- COMPANY RESULTS
Gambling.com Group’s buy of XL Media’s non-US assets after the reporting period bookended a 2023 which saw a reshuffling of the chasing pack behind Better Collective. Scott Longley dissects what will go down as a definitive period for the listed sector.
This issue, Scott Longley analyses the fallout from XL following Catena in jettisoning all non-US assets to focus on this intensely competitive and scale-driven market.
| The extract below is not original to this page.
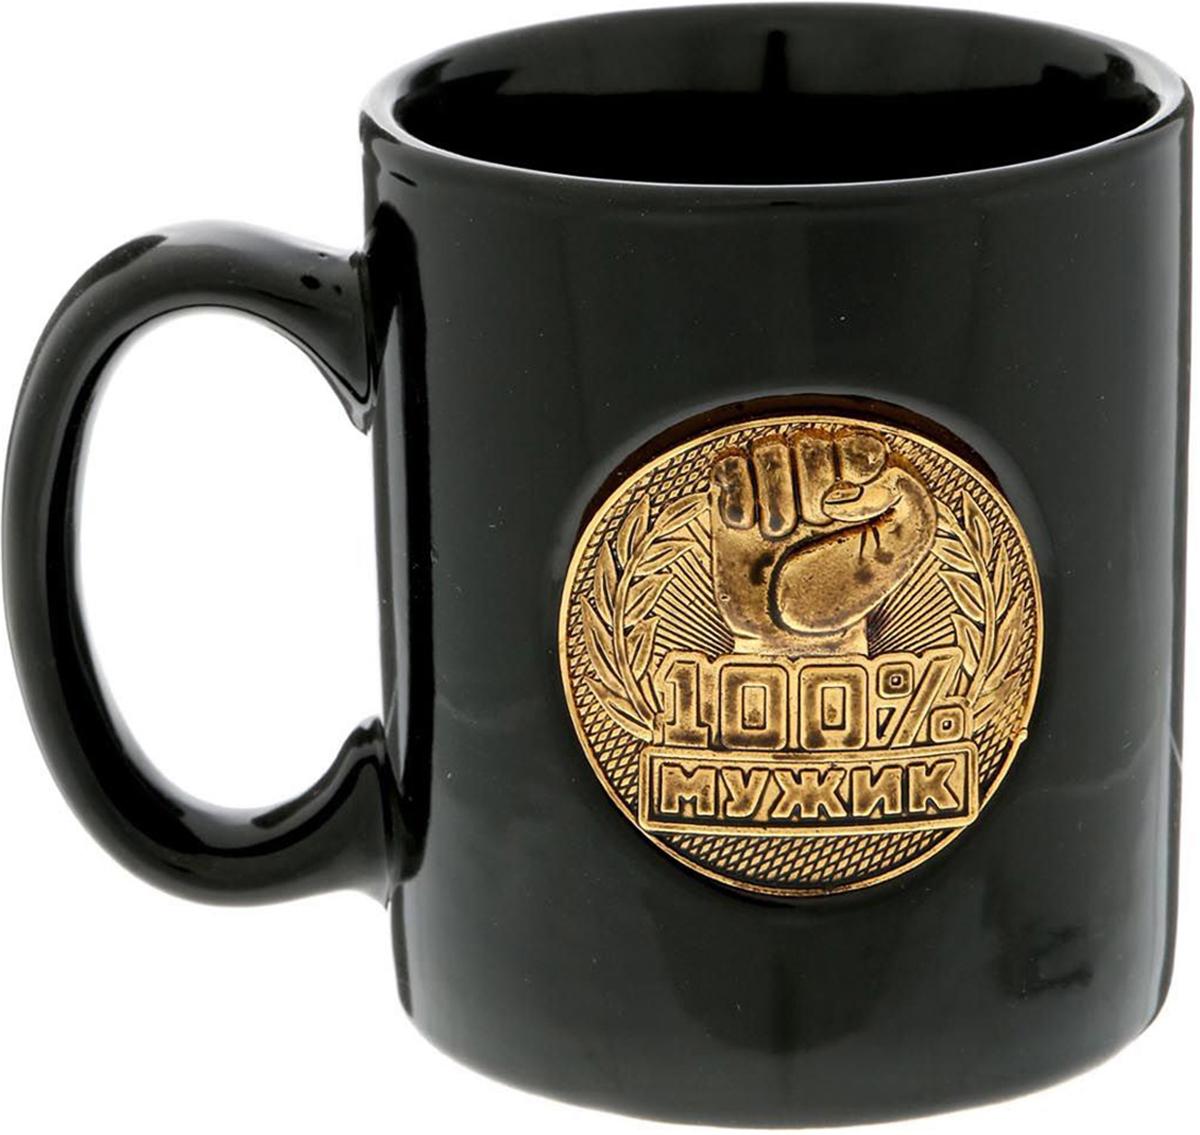 Кружка Sima-Land 100% мужик, цвет: черный, золотой, 300 мл. 15076721507672Разберись с жаждой по-мужски! Авторский дизайн, оригинальный декор, оптимальный объем - отличительные черты этой кружки. Налейте в нее горячий свежезаваренный кофе или крепкий ароматный чай, и каждый глоток будет сокрушительным ударом по врагам: сонливости, вялости и апатии! Изделие упаковано в подарочную картонную коробку.

This neither removes the M&A target from their backs or secures their future as independent entities.
If XL and Catena do fall prey to the scale they once wielded remains to be seen, but regardless this wave of activity is now the most defining for the sector since Catena began the era of the listed consolidator in 2015. Only a few years ago we were talking about Affiliation 2.0 and now 3.0, driven by scale, automation and AI, is in full effect.
With Better Collective all-in on adtech as part of its sports media extension – but retaining a controlling say over when and to whom Catena’s US business is sold – GAMB and GiG now form a distinct second tier for which only needle-moving M&A will do for investors.
Such assets are naturally scarcer and come with higher premiums than those offloaded by Catena and XL, the subsequent performances of which since changing hands make these sales look more distressed than initially assumed.
The big three getting even bigger is contributing to a toughening environment in core markets for an increasingly remote chasing pack already overstretched by earnouts. While Raketech looks on track to meet its €46m commitment for an asset it paid just €2m upfront, the situation is more intractable for others.